Le social, face cachée de la crise libanaise

Beyrouth . Alors qu’une petite minorité s’est considérablement enrichie, la grande majorité des Libanais vit dans les pires difficultés.

Beyrouth, envoyé spécial.

La crise au Pays du cèdre sur fond de clivages politico-confessionnels est bien l’arbre qui cache la forêt sociale. La dette publique, 15 milliards de dollars, avoisinant 190 % du produit intérieur brut (PIB), est colossale. Elle a été multipliée par 25 en l’espace de vingt ans. Plus portés sur la crise politique qui ronge le pays, les médias libanais n’évoquent que peu ou pas du tout la gravité de la situation économico-sociale du pays ni d’ailleurs ces fortunes qui se sont amassées en un temps aussi court. La « présence syrienne », qui, à en lire une bonne partie de la presse ou à entendre certains Libanais, serait responsable de tous les maux qui rongent le pays, a bon dos.

La reconstruction de ce qui a été détruit durant les quinze années de guerre civile, sur fond de spéculation immobilière et de gestion clientéliste, n’est pas étrangère au gonflement de la dette publique et à la constitution de fortunes colossales ayant bénéficié aux proches du clan Hariri. Les 18 milliards de dollars de crédit qu’a nécessité la reconstruction du centre de Beyrouth continue de coûter très cher à l’économie libanaise.

À l’origine, Rafik Hariri, alors premier ministre, avait conçu l’ambitieux projet de redonner à Beyrouth son rôle de capitale régionale financière. Il n’y est pas totalement parvenu parce que la donne a changé. De nouveaux pôles financiers - les pays du Golfe et même Amman, sont apparus et concurrencent Beyrouth. Résultat, si le centre de la capitale libanaise, avec ses hôtels de luxe, ses cafés-restaurants, donne l’image d’une ville moderne, voire développée, ayant retrouvé son passé prestigieux, les immeubles de bureaux sont désespérément vides faute d’acheteurs.
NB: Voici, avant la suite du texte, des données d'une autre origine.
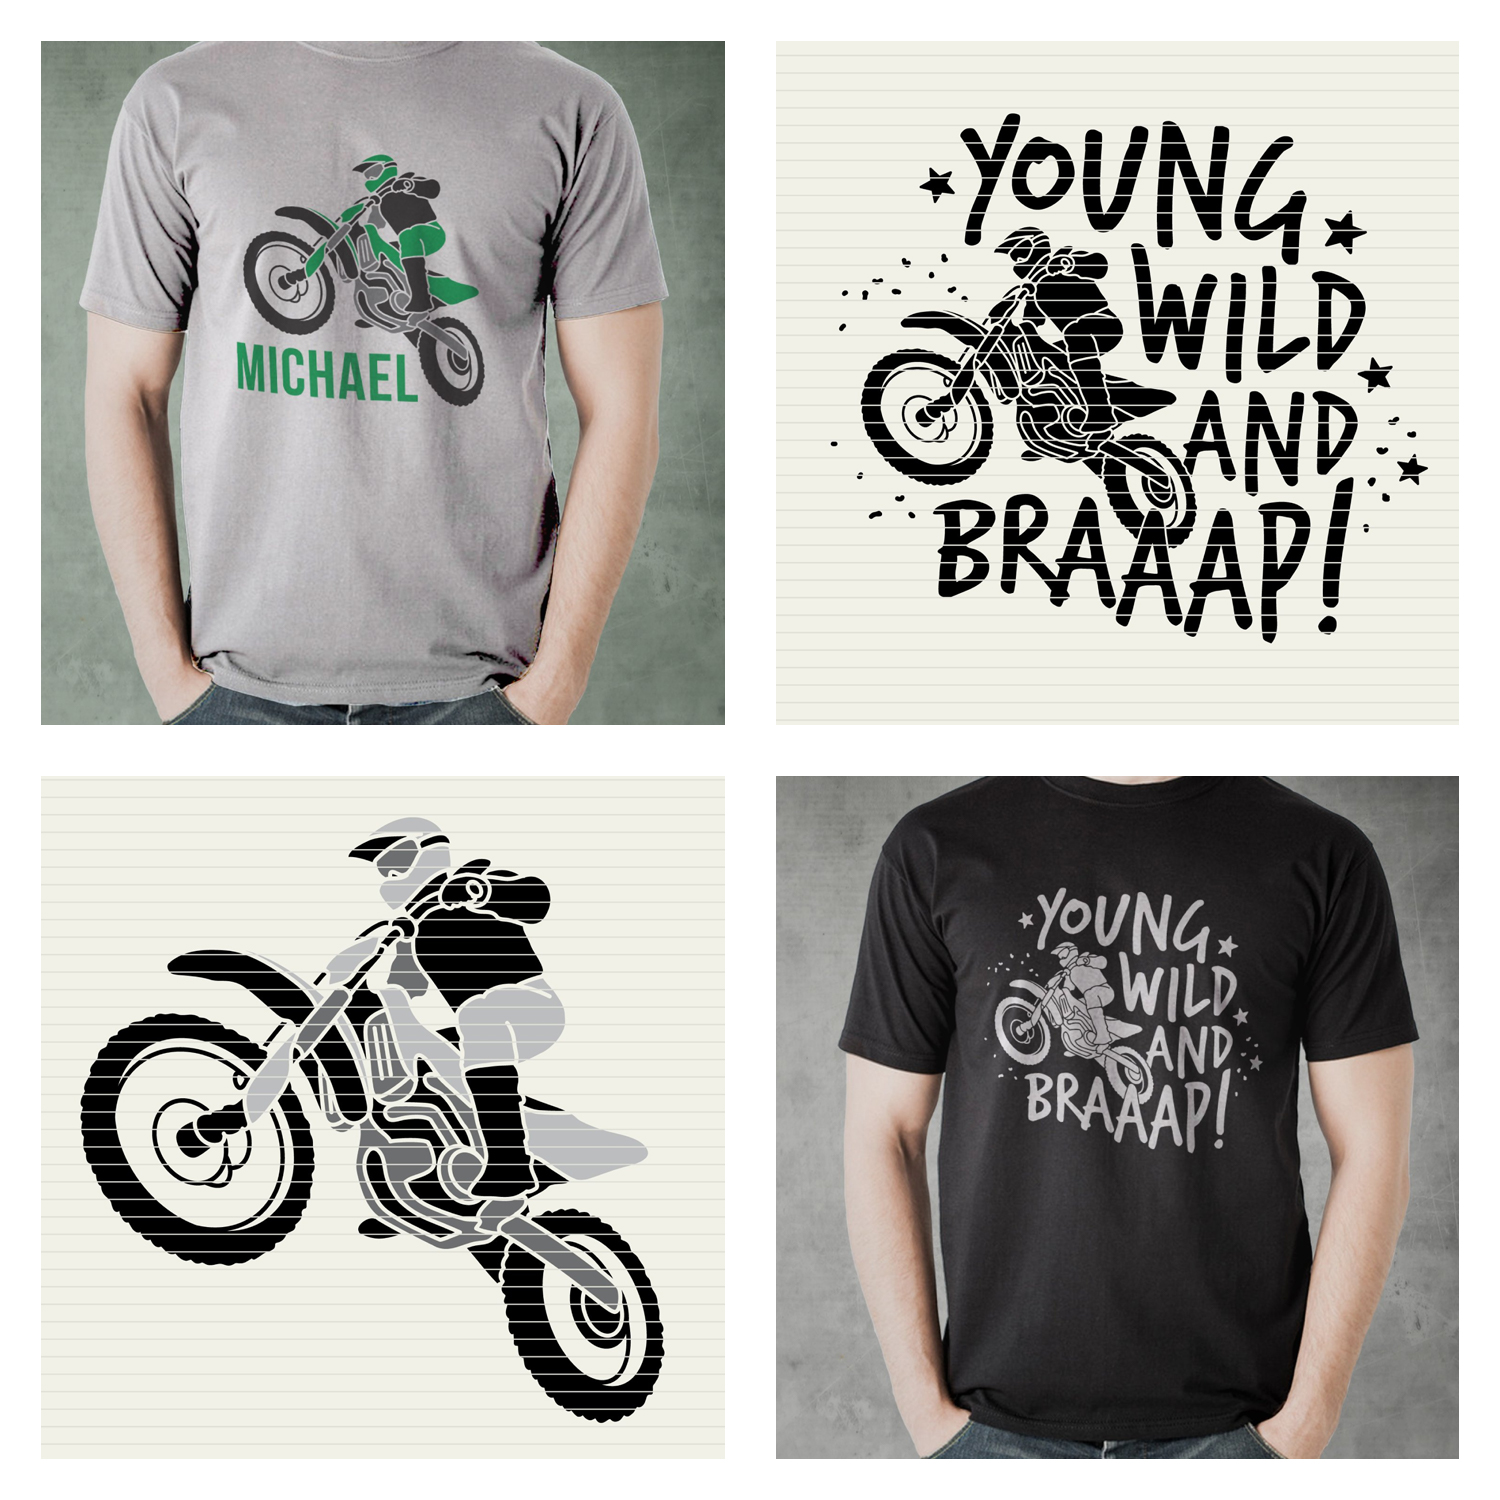 Prints of young wild and braaap boys.

On compterait de plus quelque 300 000 logements n’ayant pas trouvé preneurs. En revanche, les quartiers périphériques de la ville, notamment le sud déshérité de la capitale, ont été délaissés.

Cette reconstruction et le développement des infrastructures - autoroutes, ponts, nouvel aéroport de Beyrouth - a permis une relative relance de la croissance, notamment dans le domaine des services, mais aussi l’émergence d’une société à deux vitesses caractérisée par des inégalités sociales criantes.

Selon les statistiques officielles d’avant la guerre infligée par Israël au Liban en juillet 2006, le taux de chômage était officiellement estimé à 20 %. Mais selon les ONG locales et le Parti communiste libanais, il serait supérieur à 30 %, tandis que la pauvreté touche près de 40 % de la population. Le salaire moyen, pour ceux qui travaillent, est de moins de 300 dollars pour 48 heures de durée légale de travail. Pour avoir une idée du niveau de vie, un café coûte l’équivalent de plus de deux dollars, un sandwich (repas du pauvre), l’équivalent de deux dollars.

La guerre d’agression israélienne de juillet 2006, qui a détruit ce qui a été reconstruit dans les quartiers sud entre 1990 et 2006, avec le déplacement de plus d’un million de personnes, a accentué le ralentissement économique. Pour avoir une idée de l’ampleur des défis à relever, il faut savoir que le PNUD a évalué le coût total des dégâts occasionnés par la guerre de l’été 2006 à 15 milliards de dollars.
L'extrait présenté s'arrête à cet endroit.